Drugo, come consuetudine, dopo ogni pasto s'appisola, Cagliostro, invece, la tira per le lunghe. Lui, che pure è tipo da letargo, diventa tutto ad un tratto irrequieto, quasi che passata la botta di adrenalina della malefatta, abbia bisogno di ripetere l'esperienza. Stavolta, ad essere scassinata è la porta di casa. La maniglia cede dopo il primo vigoroso, maschio assalto, destando dal sonno Drugo che, attratto da quello che gli sembra un nuovo gioco, scansa Cagliostro seduto indifferente sulla soglia e cerca la via dell'avventura lungo le scale. Ovviamente mi precipito affannata a recuperare il fuggitivo mentre lo scassinatore resta immobile sull'uscio. Quando risalgo con Drugo in braccio, lui, con aria di sufficienza, si sposta quel tanto che basta a lasciarci passare e, senza alcuna sollecitazione da parte mia, rientra in casa.
«Volevi smammarlo?» Lo sgrido, mentre mi fissa impassibile. Poi, dopo aver chiuso a chiave la porta, puntandogli il dito contro, lo avviso: «Se lo rifai ancora sarai tu a sloggiare, capito?» Cagliostro non si scompone alla minaccia e placidamente ignorandomi s'avvia al divano sotto cui Drugo, dopo che l'ho sgridato, per prudenza s'è rifugiato e dove, nel frattempo, ha scovato una pallina che con abilità calcia e poi rincorre per la stanza, proponendosi nel doppio ruolo di attaccante e difensore. Nell'enfasi del gioco la scaglia in un angolo da cui rimbalza e finisce tra le zampe di Cagliostro, che fino a quel momento ha seguito annoiato il trambusto prodotto dall'altro, che se ne impossessa senza dar mostra di restituirla. E' nella sua area e a quanto pare non intende rimetterla in campo. Drugo, sulle prime, fraintende l'intenzione dell'altro ipotizzando la sua adesione al gioco, così rimane in attesa del rilancio, ma quando questa si prolunga, lo sollecita dapprima con brevi, amichevoli miagolii, poi, capita l'antifona tenta, con l'irruenza che gli è propria, di riprendersela e, con un'acrobazia felina, gliela soffia via, correndo sotto il letto. Cagliostro non ci sta e parte all'attacco per ritrovarsi entrambi in un turbinio rarefatto di peli sopra il letto a suonarsele di santa ragione. Cagliostro è di stazza maggiore ma l'altro non si fa intimorire, glissa le zampate e se ne frega delle soffiate, con un agile mossa lo scavalca e si catapulta a terra. La lotta continua in tutti gli angoli della casa, sopra e sotto i mobili, perfino nella lettiera dove Drugo, sconsideratamente, s'è andato ad infilare. Il rumore della sabbia che dalla cassetta travasa sul pavimento m'induce ad intervenire. Di solito non m'intrometto nelle loro faccende se non per controllare, discretamente, che nessuno dei due si faccia male e non mi distruggano casa. E' un gioco, quello della lotta...per Drugo lo è di sicuro, Cagliostro però è fumantino e credo non abbia dimenticato che una volta, in questa casa, era tutto suo, d'esclusiva proprietà perché non c'era nessun cacacazzi a fottergli i bocconcini onestamente rubati.

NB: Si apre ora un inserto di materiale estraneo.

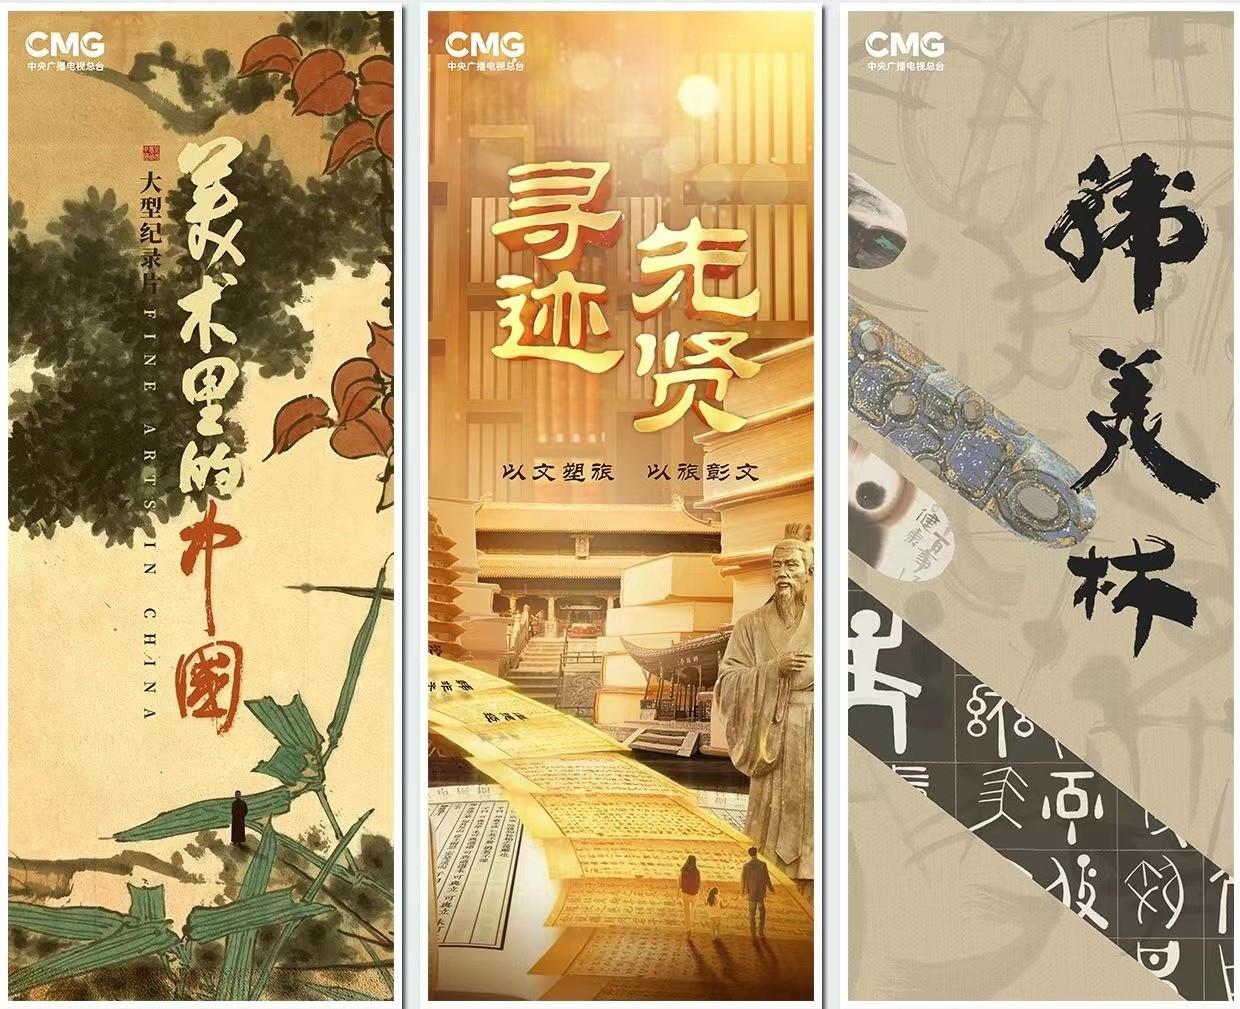 Three programs showing Chinese art and culture. /CMG

«Adesso basta!» Li rimprovero severa nell''intento di riportare, tra i due gladiatori, una pace seppur forzata.
Due paia di occhi color ambra mi fissano. Due code svettano.
Non capisco se è una resa o una minaccia.

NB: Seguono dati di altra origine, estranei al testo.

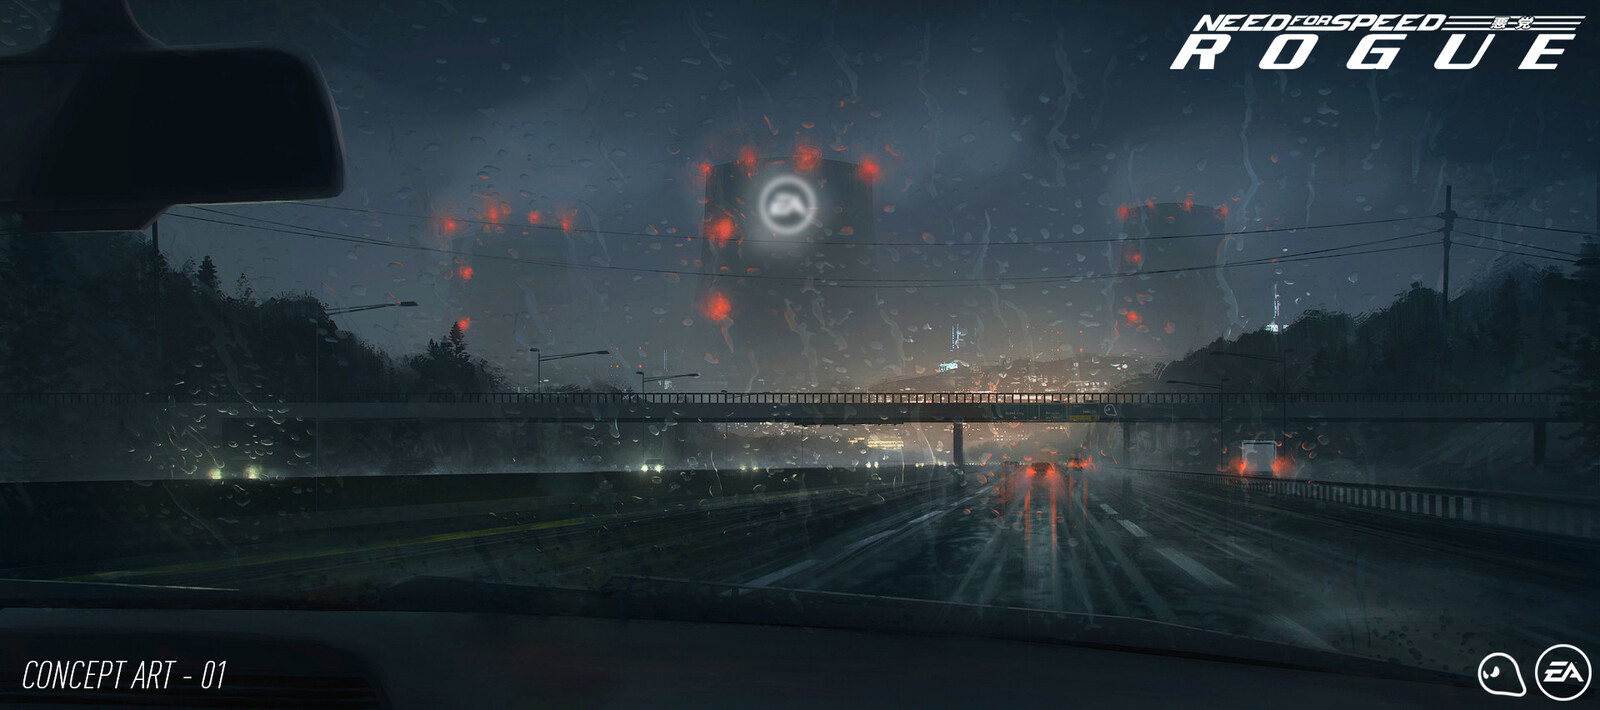 Need for Speed Rogue (Concept Art - 01)

«Meow». Miagola Drugo, consenziente, scrollandosi vigorosamente di dosso residui di sabbietta, che sparpaglia fin sotto la porta.
Cagliostro, che è un aristocratico, lo guarda disgustato (se non fosse total black, giurerei di avergli visto alzare il sopracciglio), poi, con noncuranza s'avvia alla credenza della sala da pranzo.
Drugo lo segue e gli si pone a lato. Affiancati nel minuscolo spazio di una mattonella, di nuovo uniti, in attesa che io entri e apra quella credenza, per il rito della sera, quello della spartizione di uno snack
«Meow». Implora, con un vocino dolce, Drugo., guardandomi coi suoi occhi tondi da bambino.
Contrasta il silenzio di Cagliostro che per me, invece, è molto eloquente: «Ci dai il premietto di tua spontanea volontà o quando dormi dovrò forzare la credenza?»